Experiment with walking him before class to take the edge off. Don't over do it though. Too much exercise before class can make it worse -- think tired, cranky toddler syndrome!

Breathe. Relax. Remember that it gets better. Try not to hold a grudge. I promise your dog doesn't.

AND -- if the humping is too over the top, don't wait to neuter him. Plenty of dogs are neutered at 6 months (or even younger) without ill effects. I'm generally all for waiting UNLESS the behavior is too much of a challenge. If so, by all means, stack the deck in your favor as much as you can!

OH - and bring really, really, really good treats. Smart and Final sells pre cooked meatballs for really cheap. Those REALLY hold a dog's attention!


----------



## tennisball (Oct 14, 2009)

I adopted Rocky when he was 2 1/2 years old and started taking him to training when he was around 3. He had not been socialized at all and was an absolute monster in the class. He was so bad that people who were training search and rescue dogs would sign up for the class he was in just so their dog could be in a class with distractions.

After entering the room, he would bark at all the other dogs for ten minutes non stop, even though he had known them eight weeks. He'd hyperventilate the entire class and randomly bark/lunge after other dogs. I felt really embarrassed at first too, but at least we realize our dogs can be out of control and we're committed to training them. Some people have dogs that are little monsters and they're oblivious.

Just hang in there! Bring a variety of goody treats that he doesn't get often. The gentle leader definitely helps, or you could try a harness if you haven't already. Don't give up just yet!


----------



## Claire's Friend (Feb 26, 2007)

Great advice Steph !


----------



## AmberSunrise (Apr 1, 2009)

My King was so out of control I was kicked out of several classes .. embarassing ? yes. But, he went on to have a UD and was almost always in the ribbons in very competitive shows. And more importantly, he was a good dog.

I agree with all the advice given and also highly suggest you up the treats - consider using really high value people food - meatballs, steak and/or chicken cooked with garlic, liver etc. I probably would not use toys at this point. If Teddy did fine for the first 20 minutes, perhaps next week give him a potty break at the 20 minute mark? More correctly a brain break LOL. It might relieve his stress a bit and he may have been so excited that he actually did need to go?
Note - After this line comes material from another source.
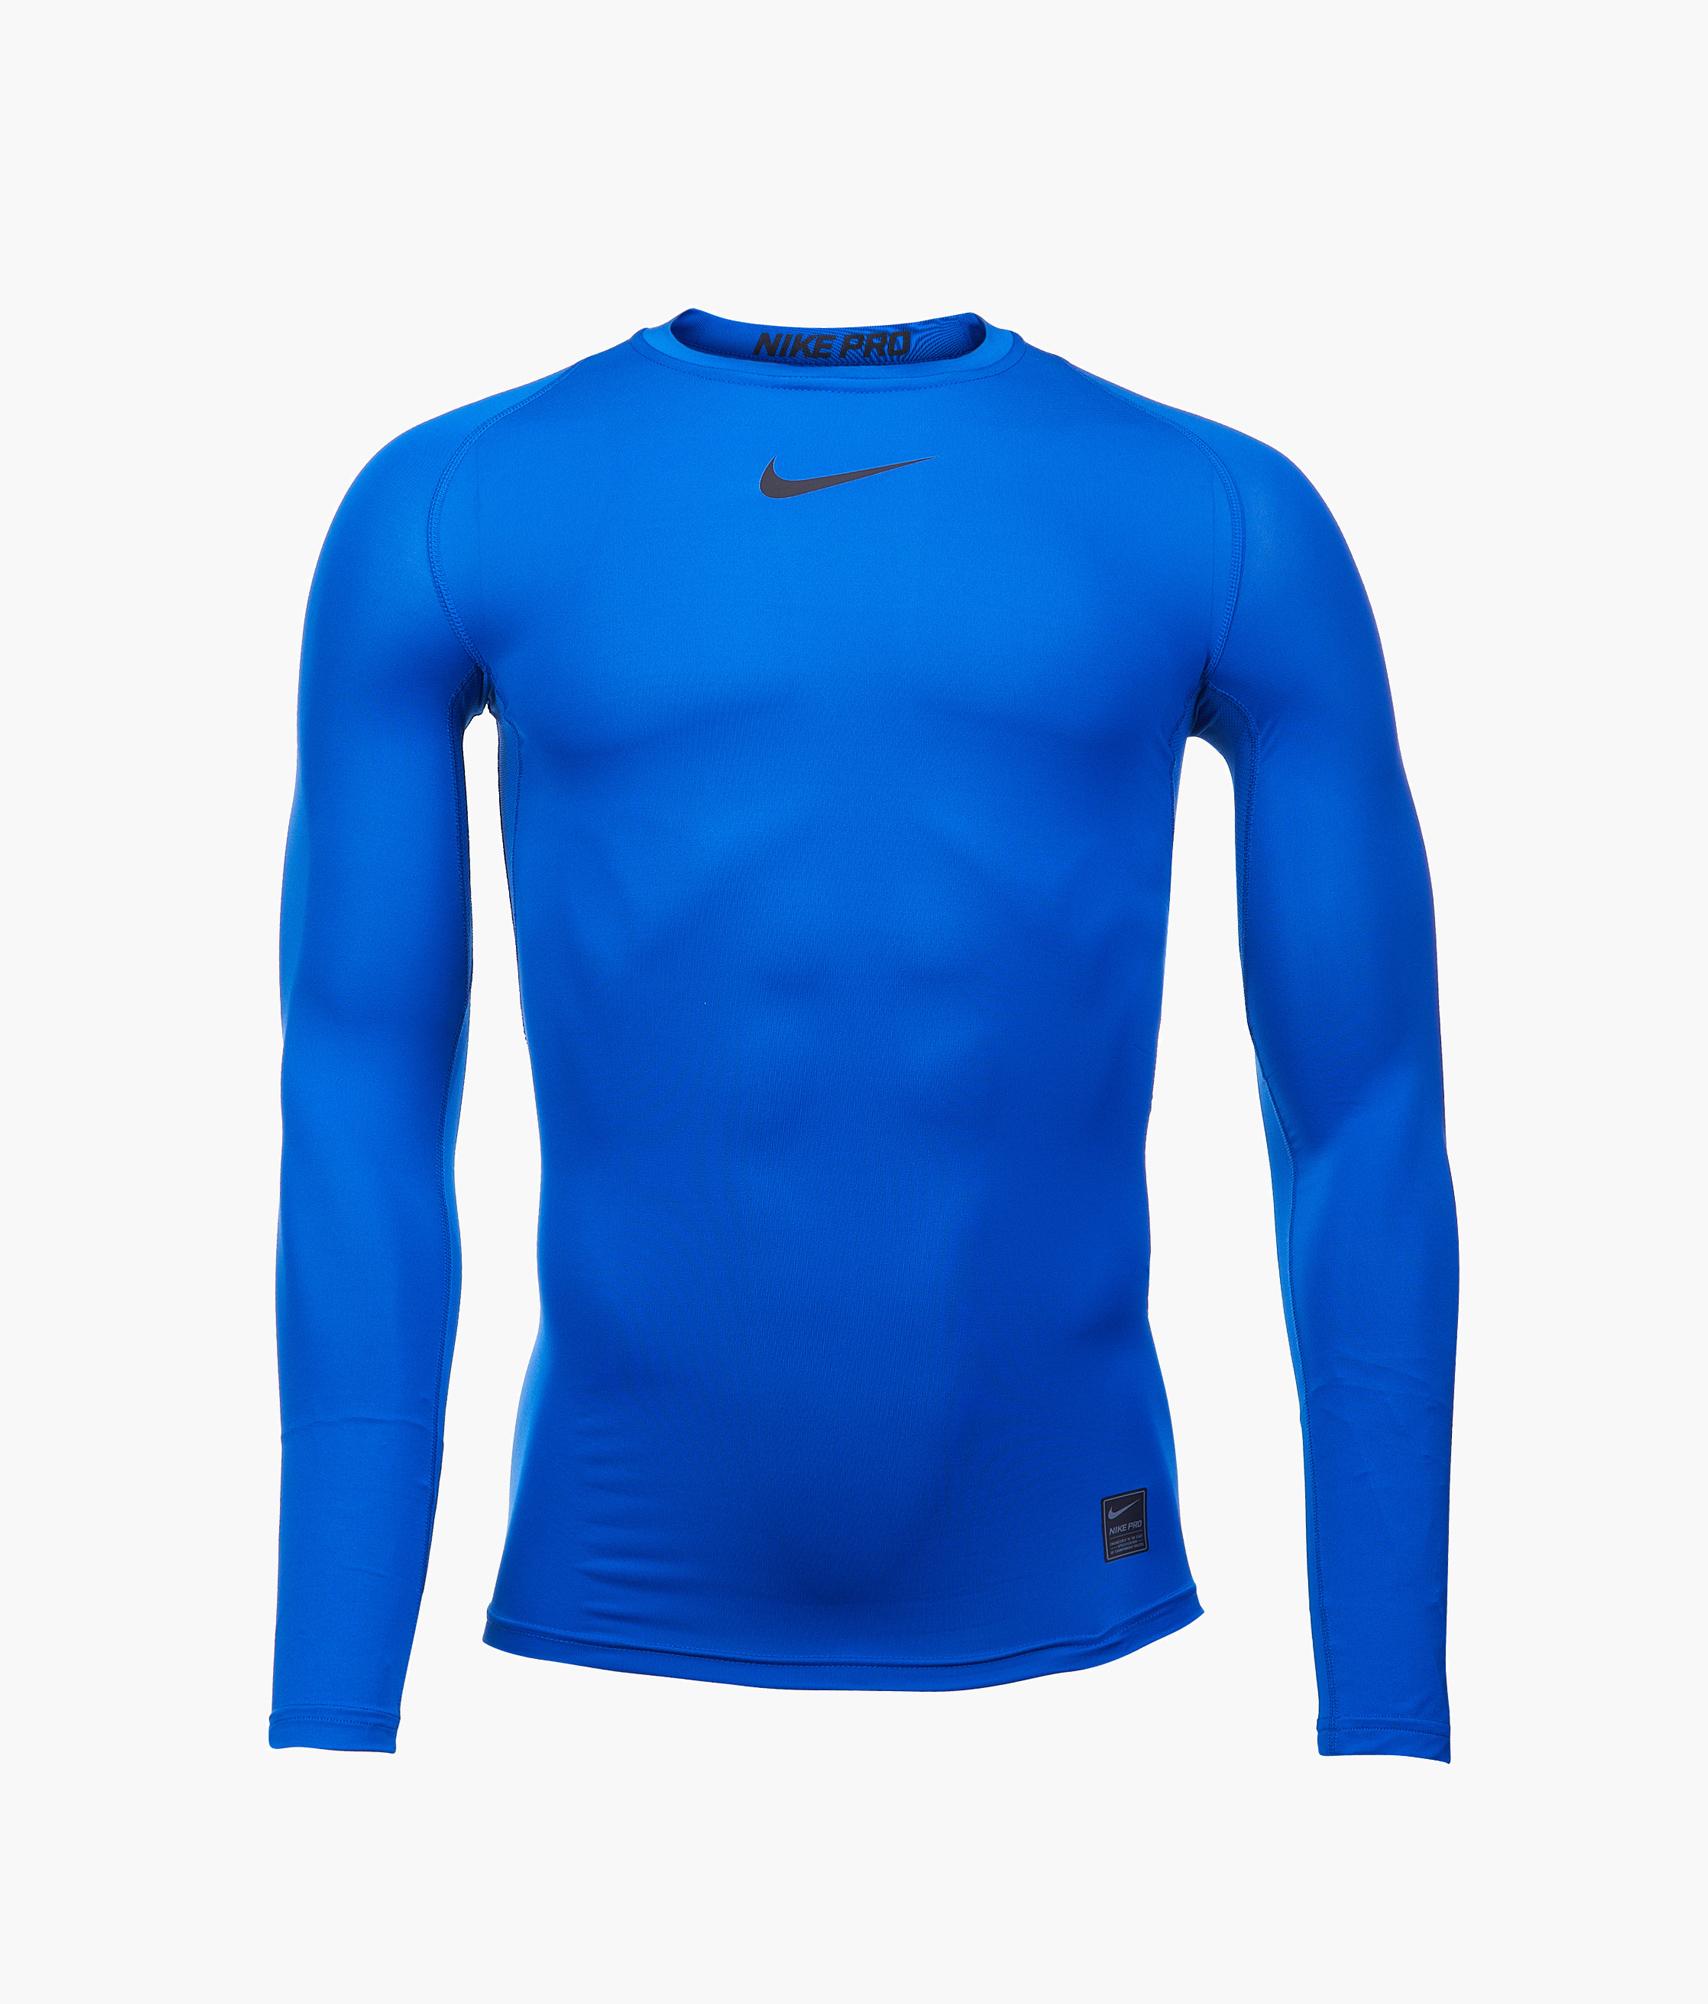 Бельё футболка Nike Зенит нижнее бельё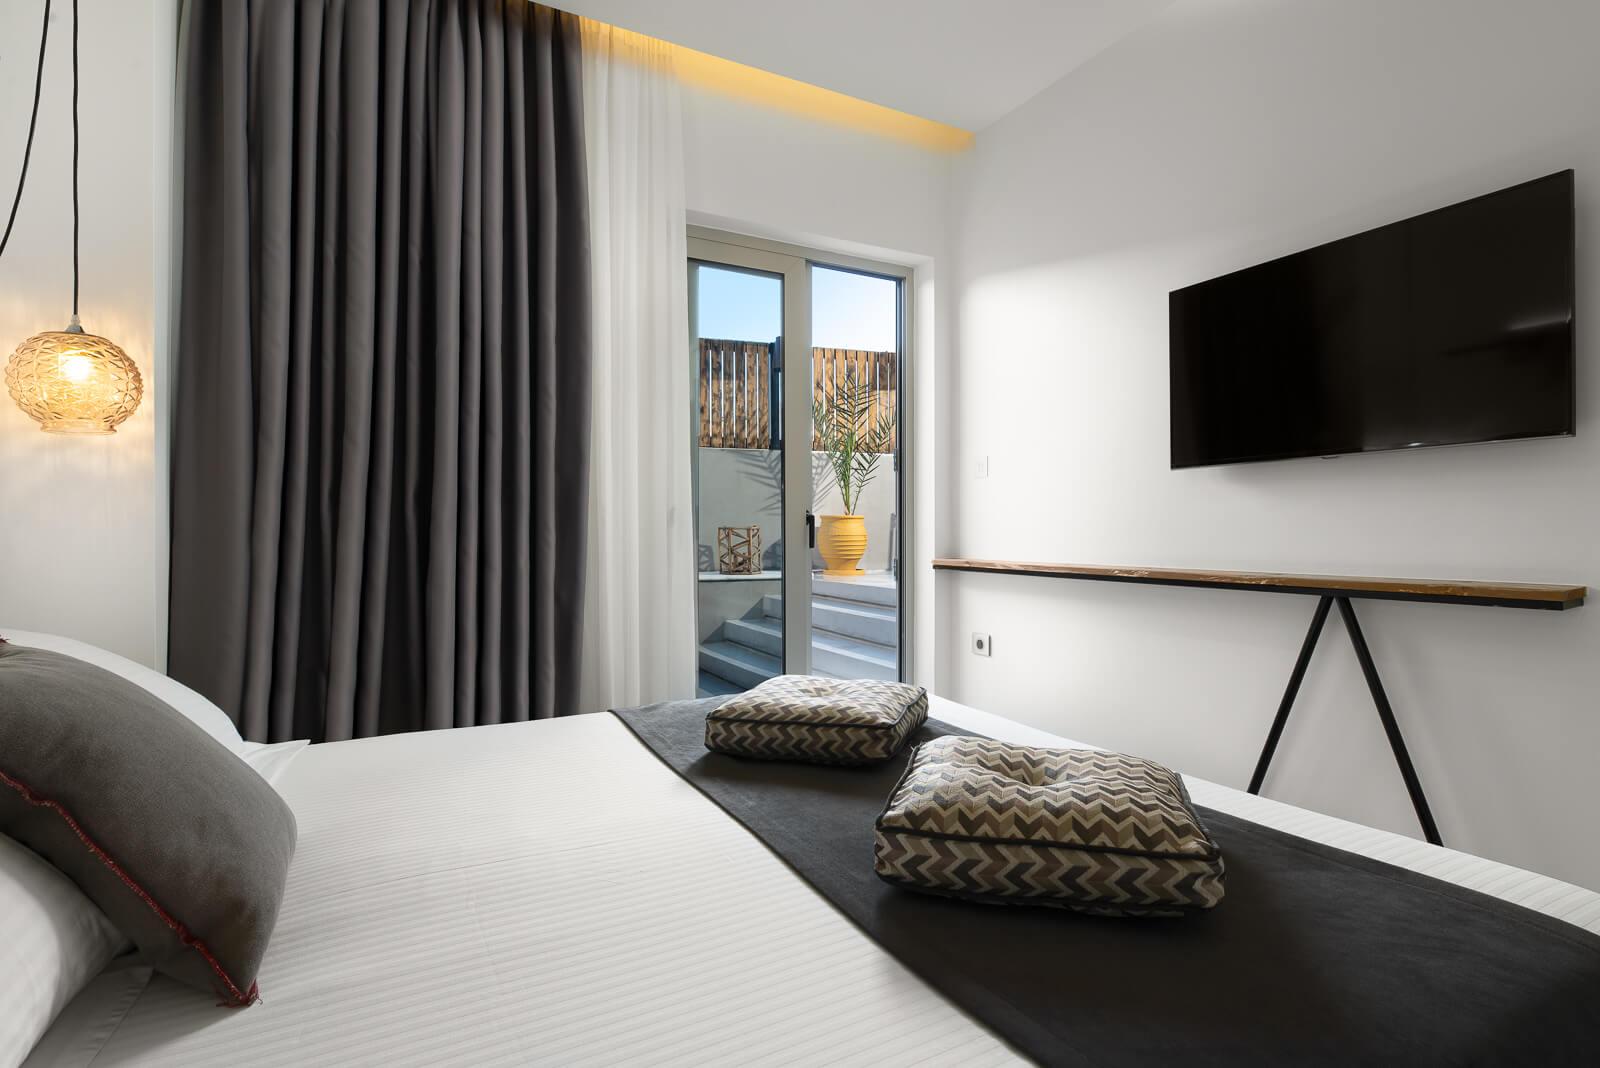 Iviskos Themed Suite - Elakati Hotel in Rhodes Greece

My Towhee can be over the top, and I become a tree if she pulls, but generally keep her busy enough to prevent lunges. Work Teddy even while the instructor is talking - left, right, sit pretty, puppy push ups, stands etc are some examples of tricks that can be quickly performed to keep Teddy occupied. I do sometimes wonder why instructors talk so much in beginner classes ...


----------



## inge (Sep 20, 2009)

Would it help if you came early to the class? I always try to be the first to arrive, so I can walk Tess around outside for a bit to take the drive in the car out of her system, and then go up to the classroom to wait for the others. I try to do her 'homework' with her while we wait and everyone comes in, so she is focused on me and with her back to the middle of the room. Usually she is pretty mellow by the time we really start. I always think that there are too many smells around the school and especially inside the classrooms for a pup to behold, and as Tess is very smell orientated, I try to make the time to get used to it as long as possible.


----------



## AmbikaGR (Dec 31, 2007)

I don't really have anything else to add, but wanted to chime in 

PLEASE do NOT give up!!

If you stick with it and work with your dog on a regular basis it will get better!! Been there trust me.


----------



## momtoMax (Apr 21, 2009)

Sounds like a rough go. Don't quit though - even if he's a PITA for every class. You paid for the class and it sounds like he needs to be in situations like this more so it doesn't blow his mind as much in the future. 

I did catch on to your last comment about humping your leg. My Max stopped doing that to me around 6 months old. For them it is a show of dominance, kind of like saying, I'm the boss of you! My dog however, humped on the boy for a lot longer. Leif couldn't be on the floor without being assaulted!! Leif started training him and now Max doesn't do that to either of us. I think if he is humping you yet from time to time, part of your problem may be he doesn't respect your authority! Like I said, clicker training really helped raise my sons status in Max's eyes and as for me, being the strong no nonsense leader figure helped a lot too. If I tell Max to sit, well, he better darn well sit and if he doesn't - then I help him to sit. If I tell him to come, then if he doesn't come, I put a leash on him and make him come. I think that if you let your dog ignore commands when you make them, that can cause him not to take you as seriously either.

Now I don't know how you are with Teddy, but I know that in the beginning I was much too much of a softie. If Max didn't listen, I'd think, ugh, whatever and let it go. Not letting it go anymore has really helped here!


----------



## LibertyME (Jan 6, 2007)

You are not alone!!!! Please dont stop....with time patience and practice it WILL get better....

Yes it is work...sometimes trying and difficult....but the rewards....oh the rewards!!!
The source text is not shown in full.